Fibromyalgia and Stress

What is Fibromyalgia?

It is estimated that fibromyalgia affects roughly 10 million people in America alone, most of them women. The cause of fibromyalgia continues to be elusive, but recent research has begun to narrow some of the causes down to a central nervous system disorder. It is also labeled as a chronic neurological illness that causes intense muscular pain and weakness and is characterized by fatigue, pain, and sleeplessness. Chronic fibromyalgia pain is something that can be a lifelong ordeal and it often takes its toll on relationships, job performance, and quality of life.

How Does Stress Affect Fibromyalgia?

One of the precursors to fibromyalgia is stress. Although we say that stress can be a good thing, the fact for fibromyalgia sufferers is that stress is a trigger for the disorder. Muscle pain can be triggered by stress, as can headaches, nausea, and depression. The hormones that are released with stress interfere with pain receptors and end up causing serious grief. It works like this:

· When a stressful event occurs the hypothalamus (part of the brain) becomes involved and releases a hormone called corticotrophin releasing factor (CRF) that protects us from stress by enhancing our mood.

· The CRF then signals the pituitary gland to release another hormone called Adrenocorticotropic hormone corticotrophin (ACHT) which tells the adrenal glands to release cortisol. Cortisol speeds up the metabolism.

· At the same time that all of this is happening, the brain stem and spinal cord signal the adrenal glands to secrete epinephrine, preparing the body for the flight or fight response. The heart rate, breathing and alertness pick up.

· The signal system goes back to the pituitary gland and the new stress level is assessed. If the stress is reduced the process stops - otherwise it repeats itself. Extended over a long period of time, the cycle can have a negative effect upon both mental and physical health.

If you have fibromyalgia, you must learn to deal with stress rather than live with it because it is stress that will exacerbate the symptoms of the condition. Stress causes muscle tightening, an increase in blood pressure and can trigger headaches, depression and other symptoms. Stress also causes extreme fatigue and affects perception of pain, making FM sufferers more susceptible to pain than people who don't have the condition. It is possible to eliminate certain stressful triggers with behavior modification and nutritional supplements.

5 Effective Ways to Deal with Stress

Loosening the grip of stress is often easier said than done, usually because people with FM tend to put themselves and their self-care at the bottom on the list rather than at the top. Some simple lifestyle changes can make stress levels subside considerably.

1. Biofeedback therapy can teach a person how to control stress in their lives.

2. Exercise promotes good health and releases endorphins, the body's natural pain killers and mood enhancers.

3. Ensuring good sleep is particularly important - even though sleeplessness is common with FM.
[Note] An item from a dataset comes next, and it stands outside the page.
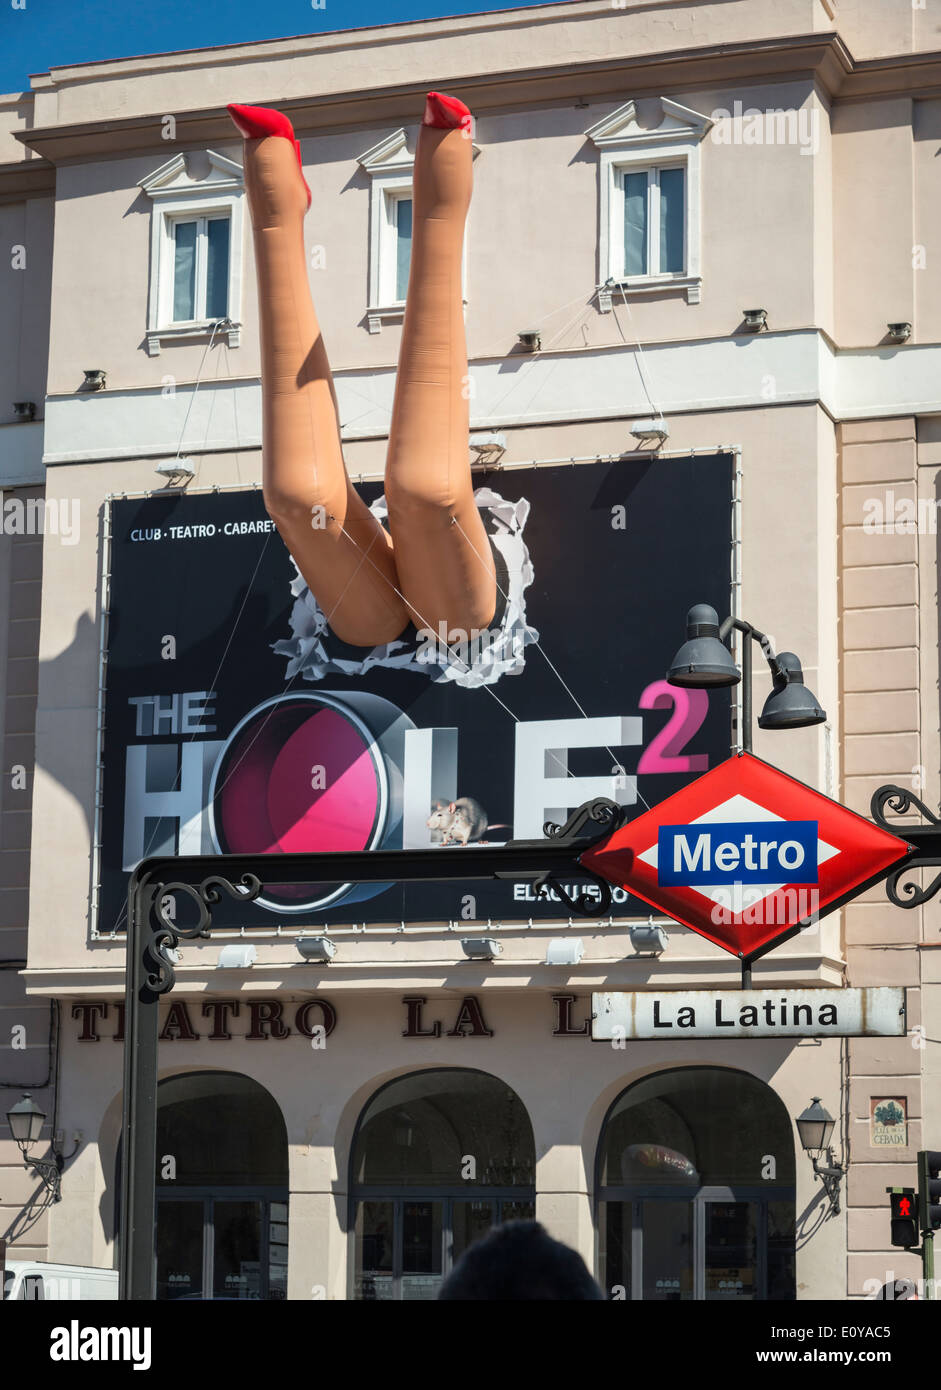 Cabaret show The Hole 2, playing at the Teatro La Latina next to La Latina Metro station, Madrid, Spain. Stock Photo

4. Relaxation therapy calms the body and the mind and can be very effective.

5. A warm bath or sitting in a hot tub or steam room decreases the secretion of stress hormones and raises the levels of endorphins. An added bonus is that the moist heat relaxes muscles as well.
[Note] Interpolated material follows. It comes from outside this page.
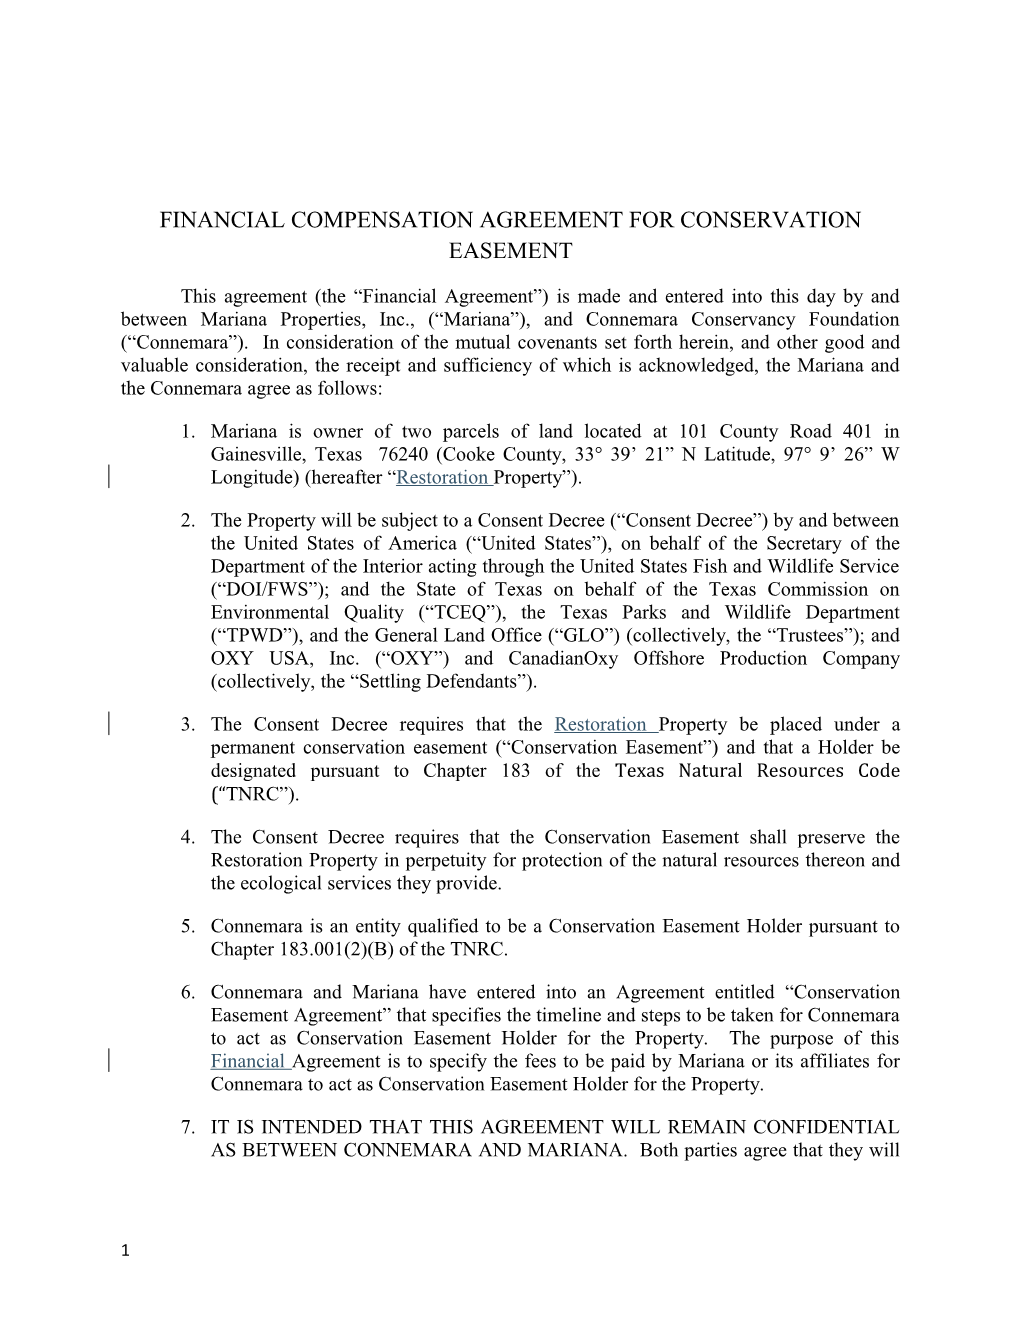 Financial Compensation Agreement for Conservation Easement

How Vitamin B12 is Linked to Fibromyalgia

Nutritionally, there has been a strong link between vitamin B12 deficiency and fibromyalgia with numerous studies confirming the connection. B vitamins help to regulate the biochemical functions discussed earlier and as a result can reduce stress. You may know that the B vitamins, particularly B3, B6, and B12 are known as stress vitamins and a deficiency of these vitamins manifest in the same way as many FM symptoms, particularly:

· Anxiety

· Nervousness

· Depression

· Exhaustion

· Insomnia

· Muscle soreness

· Numbness

Recommended dosages of B12 vary from individual to individual so it is best to have a doctor get a baseline B12 measurement in order to find out what the level of deficiency is. Vitamin B12 can be administered by injection, pill or patch and, when taken as part of a holistic therapy for treatment of FM, it can be very effective in addressing stress-related symptoms.